Читаем без скачивания Бегство из гетто: Заметки по поводу рукописи, оставленной в ОВИРе - Борис Кравцов
Шрифт:
Интервал:
Закладка:
Каждый из нас (выезжающих в Израиль. — Б. К-), разумеется, рассчитывал только на самого себя. Рабочий — на силу рук и мастерство, специалист — на силу ума и образование. Все соразмерялось с индивидуальными способностями и вытекающими из них личными возможностями…»

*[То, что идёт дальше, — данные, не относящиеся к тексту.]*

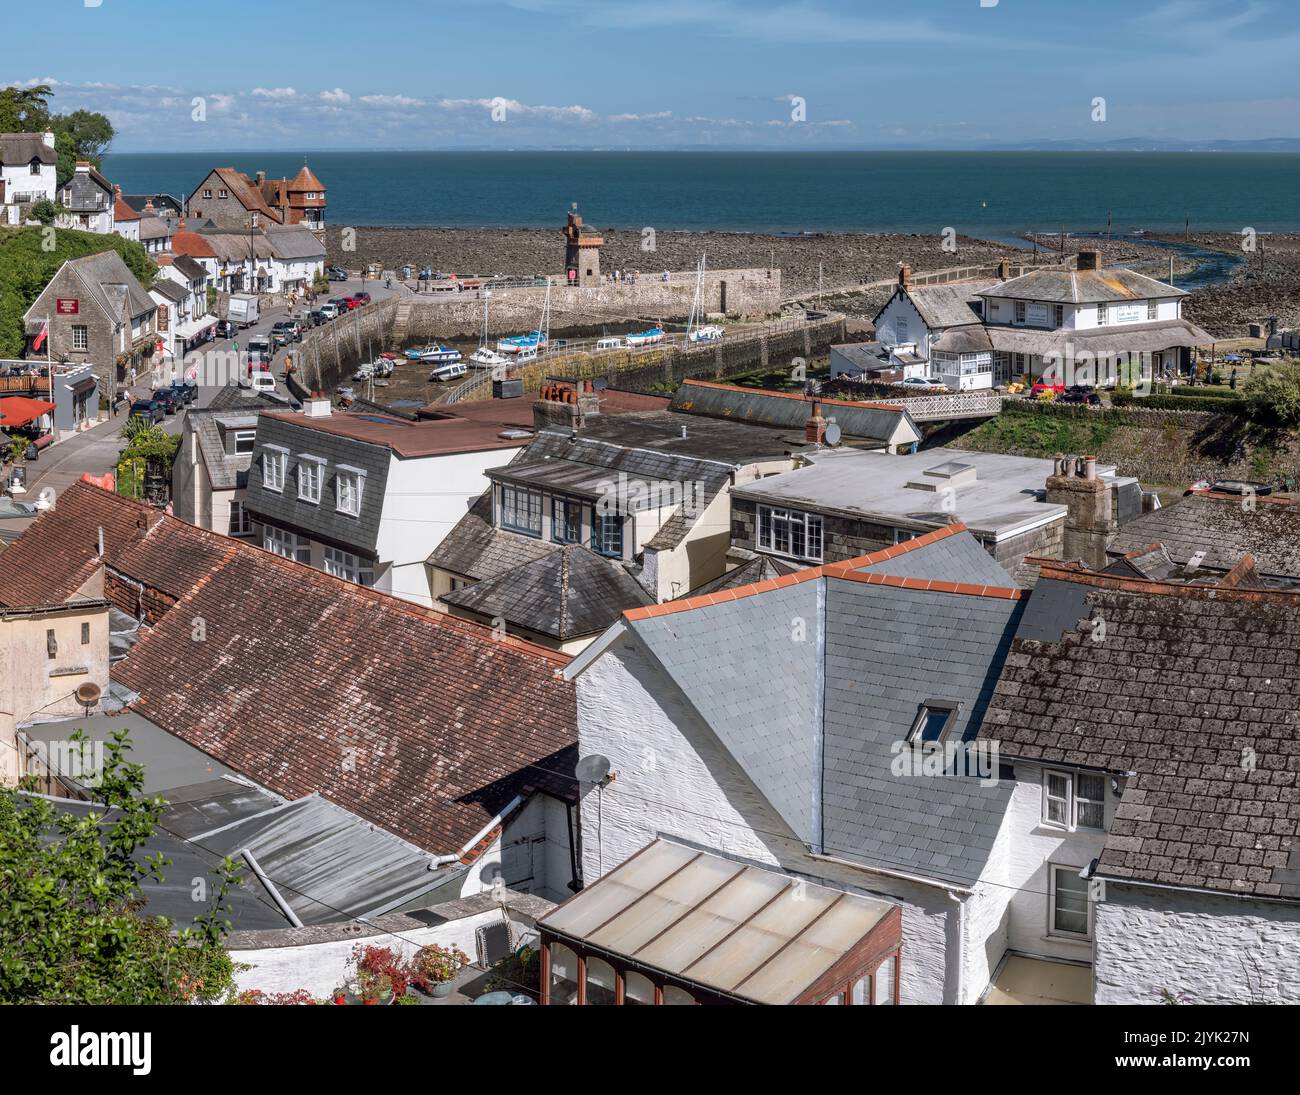 The picturesque North Devon seaside village of Lynmouth sits at the confluence of the East and West Lyn rivers and is connected to Lynton, 210 metres Stock Photo

Ну что же — ни «великий Израиль», ни «строительство родины всех евреев», ни религиозные мотивы — ничто из этого стандартного набора сионистских лозунгов никого, или почти никого, и никуда не влекло. Что правда, то правда. Каждый думал только о том, как подороже продать себя и побольше получить за это. И Шполянский в том числе. И все же в приведенной выше цитате есть передержка. Речь идет о рабочих.
Даже израильская статистика вынуждена признать, что среди иммигрантов из СССР рабочих — ничтожное меньшинство, значительно меньше того, на что надеялся Израиль, испытывавший в то время острую нужду в рабочих руках, в солдатах. Рабочая профессия, в силу которой человек постоянно находится в трудовом коллективе, приобщен к коллективному труду и живет его результатами, — уже сама по себе в нашей стране сильнейшее противоядие против любых националистических, в том числе и сионистских, настроений.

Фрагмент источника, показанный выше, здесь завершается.